Los finales de siglo tienen cierta calidad solemne, como si la humanidad ajustara sus ritmos colectivos a una pura convención como nuestro calendario. Parece que de todo hace 100 años. Y la muerte decide haberse tomado demasiado tiempo para su cita con un intelectual que convivió con algunas de las cosas más serias de este siglo. Cuando una universidad española decidió nombrarlo doctor honoris causa, muchos comentaristas decidieron que Ernst Jünger era un testigo de nuestra época, frase que recauda, al mismo tiempo, el carácter pomposo y neutral del homenaje. El intelectual de Heildeberg fue algo más que un testigo, aunque es verdad que, unas veces bajo su altivez y otras bajo su estupor, circuló buena parte del agua sucia de la fontanería ideológica del periodo de entreguerras. Pero eso no le convierte en un inocente espectador. Ni siquiera en un intelectual acobardado por las estrías de la realidad. Jünger añadió al torrente de desvaríos culturales de la derecha alemana el sabor a estanque de sus propias reflexiones, la espesura de un líquido chocando obsesivamente sobre las orillas de una crisis de conciencia que acabaría en los arrabales mentales del Tercer Reich.

Ya sé que los tiempos son ejemplares para el olvido, pero el recuerdo es el interés que se cobra la muerte en días como estos, cuando tenemos que evitar sepultar nuestra memoria común. Estamos tan acostumbrados a las absoluciones selectivas que no nos preocupa pasar por el trámite indecoroso de la confesión. Jünger fue un escritor admirable cuyas Tempestades de acero ingresaron en el cuadro de honor de la aterradora experiencia de la Gran Guerra, un episodio del que algunos volvieron convertidos en pacifistas, mientras otros consideraban los valores del conflicto como la génesis de una nueva moral. También fue el teórico de una sociedad organizada de acuerdo con los sentimientos heroicos de los críticos de la decadencia en uno de sus textos sagrados, El trabajador. Se incluyó en un estado de espíritu al que disgustaba cómo se organizaba el mobiliario cultural democrático de la primera posguerra. Y ese movimiento, que se llamó la revolución conservadora, conectó con los diversos no conformismos europeos que habrían de alfabetizar el fascismo. Para mayor desatino, a Jünger le molestaron los nazis, un movimiento plebeyo que creía ser la nueva aristocracia.
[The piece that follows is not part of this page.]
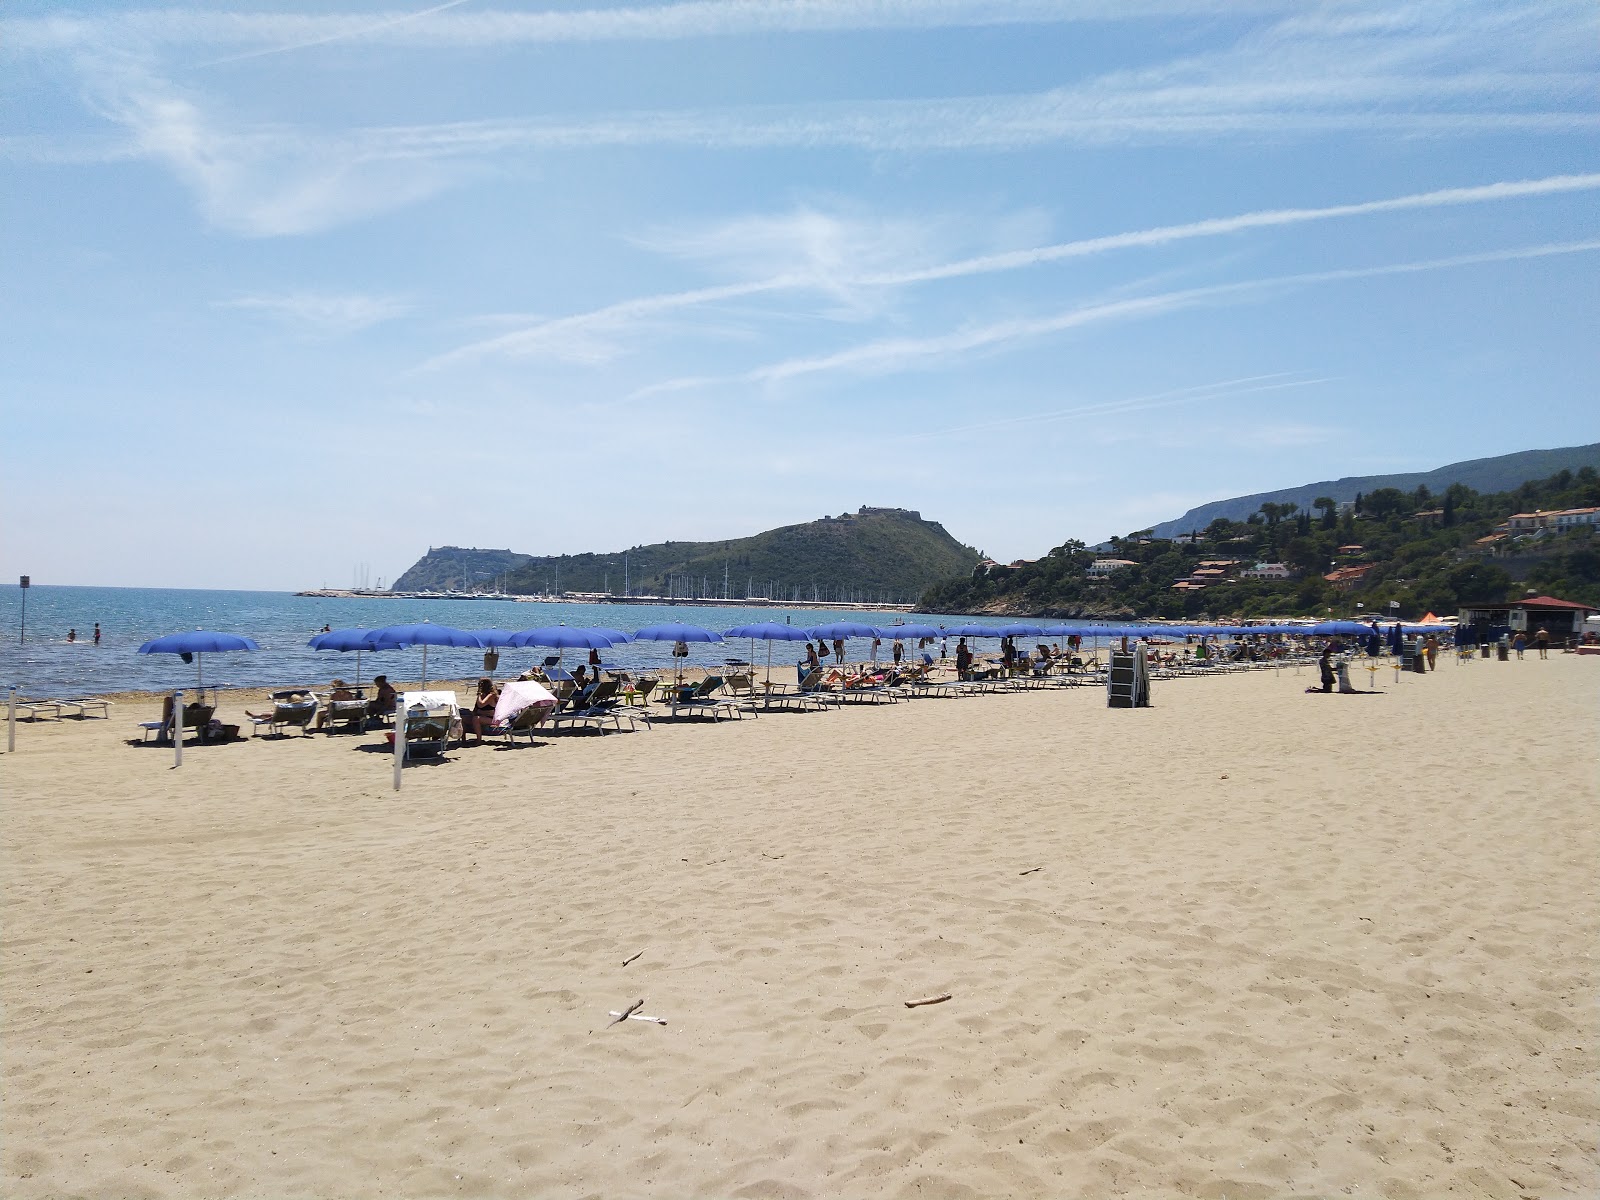 Foto de Spiaggia della Feniglia con muy limpio nivel de limpieza

A tantos años de distancia, Ernst Jünger era un venerable anciano cuya calidad estilística y cuyo retiro parecía merecerse el silencio de esa debilidad de espíritu que empujó a tantos intelectuales a mostrar su coquetería con ciertas ideas-fuerza del fascismo. Tal vez él se haya ganado por fin el silencio, pero las víctimas efectivas de aquel desorden moral no se merecen el olvido. Ni siquiera el de las complicidades furtivas.


Ferrán Gallego es profesor de Historia Contemporánea de la Universidad Autónoma de Barcelona.